Could Donald Trump win? That appeared to be the subject on major Republican donors minds as they met privately with Nate Silver of FiveThirtyEight.com last week.

The confab, held at New York’s exclusive Le Bernardin Prive restaurant according to The Hill, featured several of the GOP’s most generous financiers, from Chicago Cubs owner Todd Ricketts (whose family famously backed an anti-Trump PAC in the primaries) to Ron Weiser, the finance director of Trump’s Presidential campaign.

According to sources close to the meeting, the main issue was whether Trump could win, and Silver’s conclusions could be summed up in a succinct Tweet from a FiveThirtyEight statistician:

With the election just 60 days away, donors who have so far waved off requests from Trump’s team might be looking to invest in the last few weeks worth of advertising and coverage (even if the candidate himself doesn’t seem to be). Donors are also likely concerned that down-ticket races are falling off the radar. With Trump commanding the public’s attention, few House, Senate, and gubernatorial races have attracted media attention.

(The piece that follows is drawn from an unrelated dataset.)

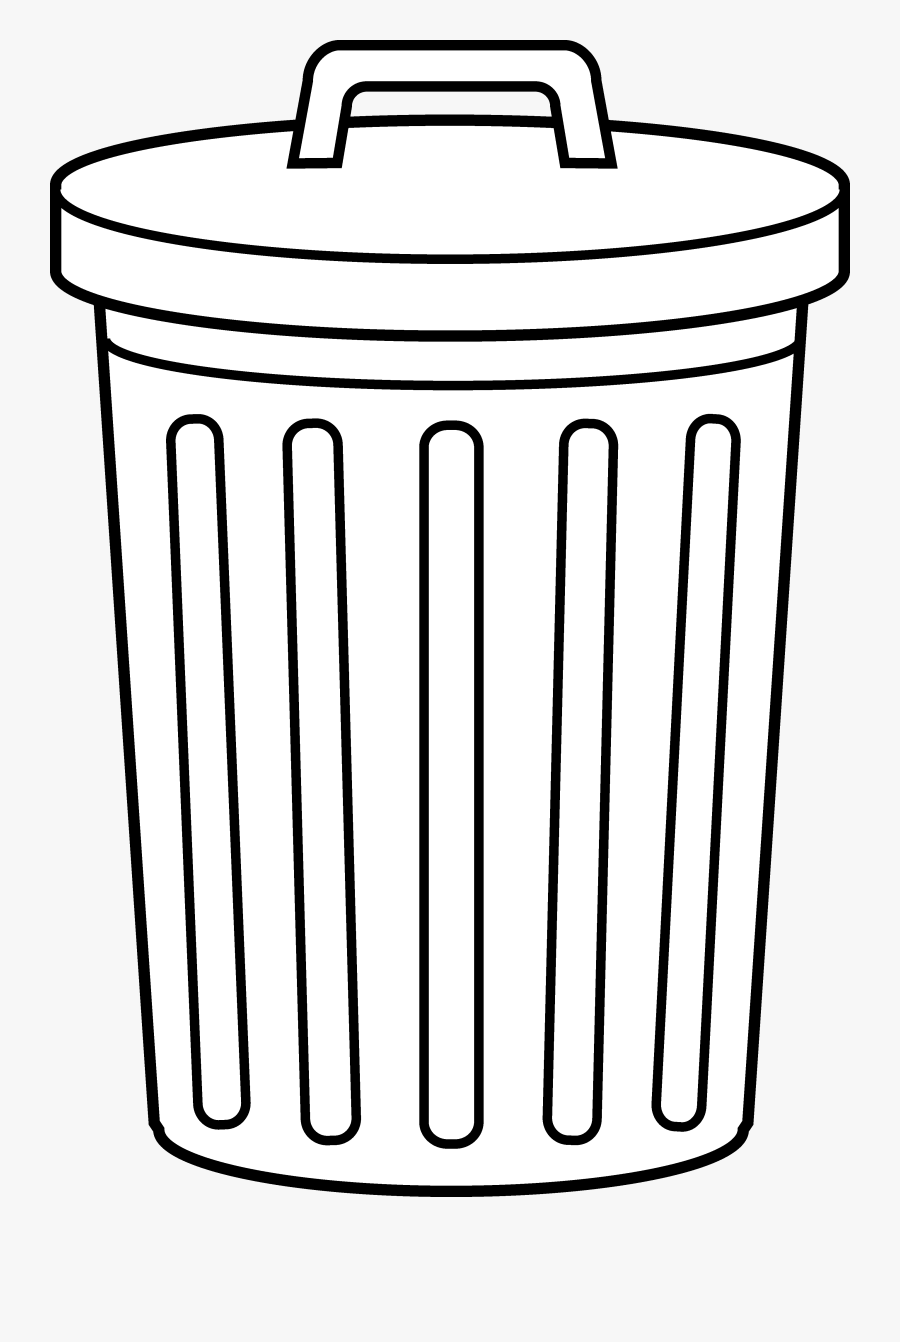 Classroom Clipart Garbage Can - Trash Can Black And White, Transparent Clipart

Meanwhile, Hillary Clinton’s strategy of waiting out the race seems to be crumbling. The New York Times and others have pointed out this week that Clinton’s negatives are surfacing too late in the campaign to ignore, with her health, her trustworthiness, and her poll numbers becoming an issue just as undecided voters are traditionally tuning in.

For his part, Silver insists that he’s not playing favorites by giving an extensive briefing to Trump’s funders and to GOP bigwigs; his speeches are bought and paid for, and available, according to FiveThirtyEight, to anyone with enough money to request one. He told the Hill that he provided no advice on strategy, and only covered what you can already find on his website.

But that doesn’t mean that billionaire coal magnate Joe Craft and Republican brain trust leader Betsy DeVos won’t use Silver’s numbers to make their own strategic decisions. With Hillary seemingly on the ropes, it’s the right time to keep careful stock of how the election could play out.